The point of the pressure regulator & gauge is to make sure that the smoke pressure within the intake/engine is high enough to find the small leaks. But you don’t want too much smoke pressure as that can create a leak. The gauge lets you know when the desired pressure has been reached and then you make sure that pressure is held for the duration of the test. The flow meter will show evidence of flow going into the engine/intake before the smoke may have worked it’s way to a leak. The flow meter is nice to have, but not a necessity.

On a stock car the exhaust is essentially gas tight unless it has been damaged. On a Spec E30 that won’t be the case and the slip joints will have to be taped up.

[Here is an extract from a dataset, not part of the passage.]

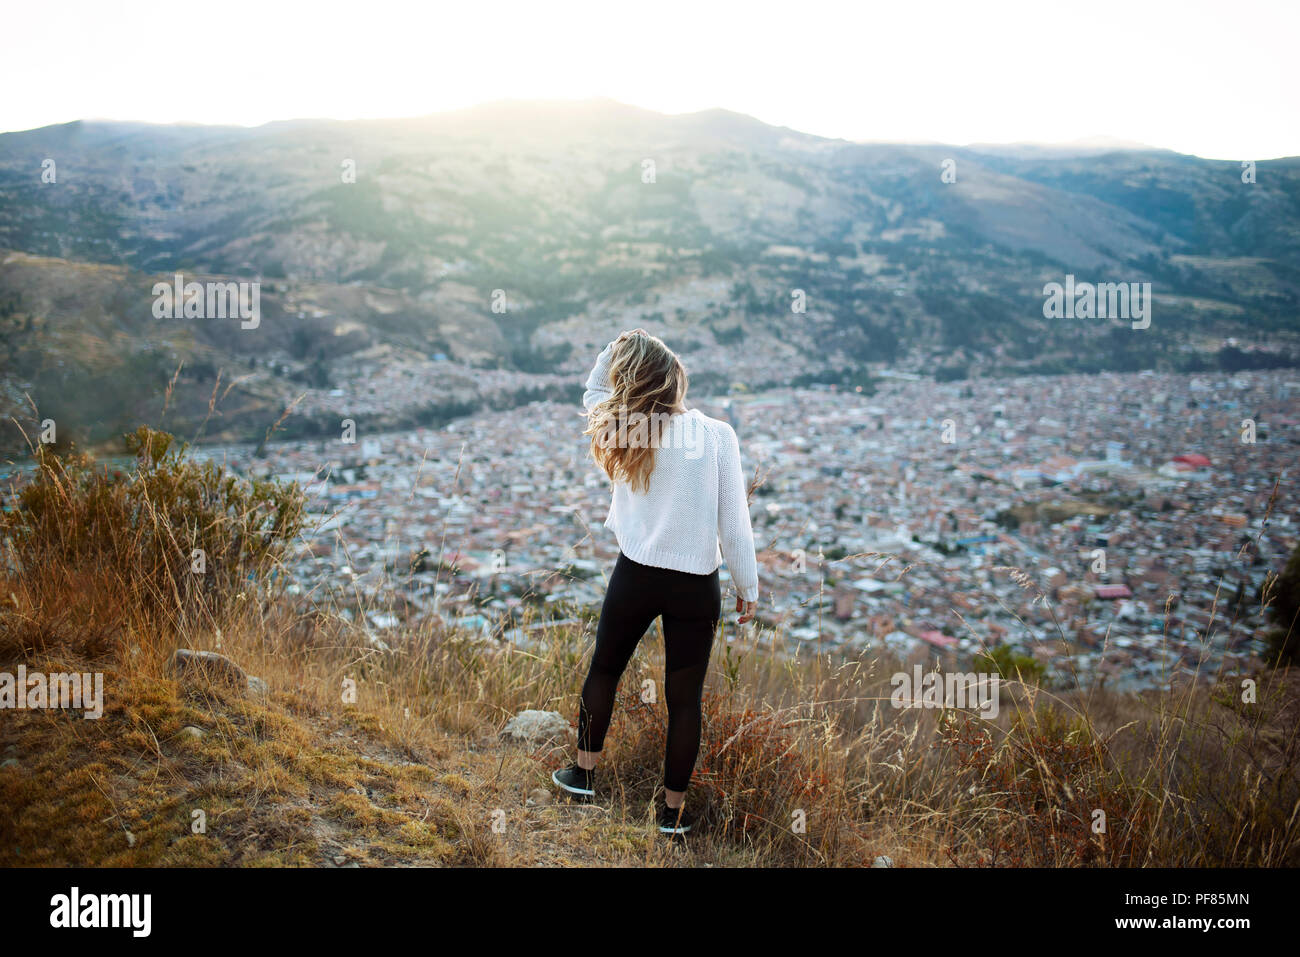 Rear view of female playing with her hair, looking at scenic views of Huaraz, Peru. Travel lifestyle in South America. Jul 2018 Stock Photo
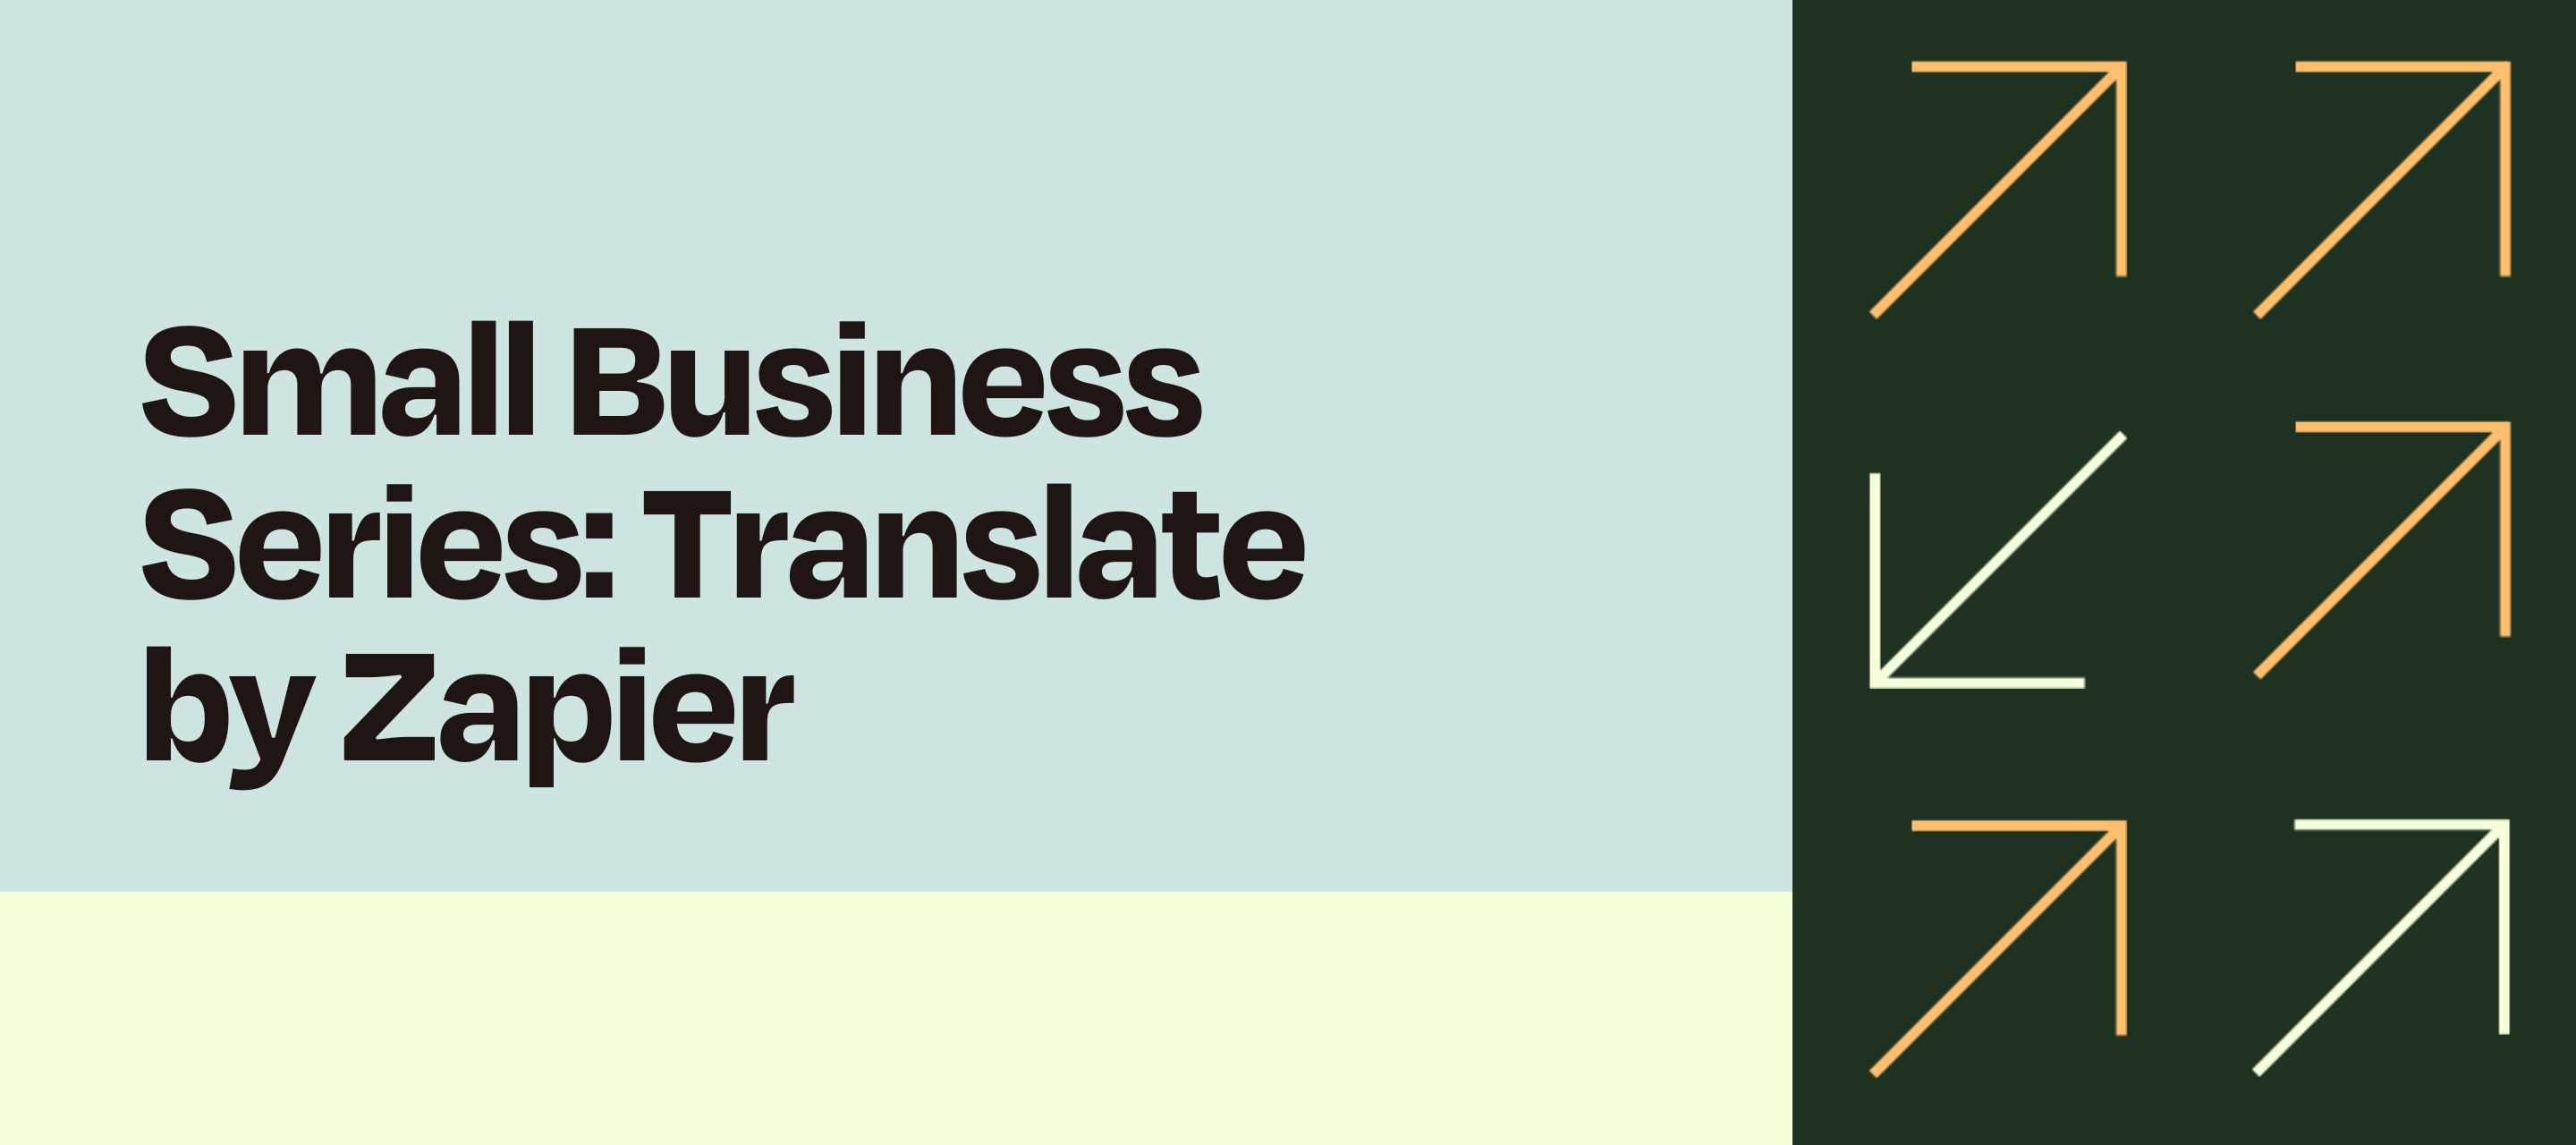 Small Business Series: Translate by Zapier

As you may have figured out by not, while not rocket science, a properly run smoke test is not just “blowing smoke”.

The oil return tube, aka “bitch tube”, is no problem to seal. The intake does have to come off, but new oil return tube o-rings and intake manifold gaskets will get the job done. Unless you get real lucky, the bore in the block the tube fits into will need to be cleaned up with a brake cylinder hone and the ends of the tube run against a scratch wheel to remove corrosion. The intake manifold side is usually okay. For the spring and o-rings to work, the tube must slide easily in the block and intake.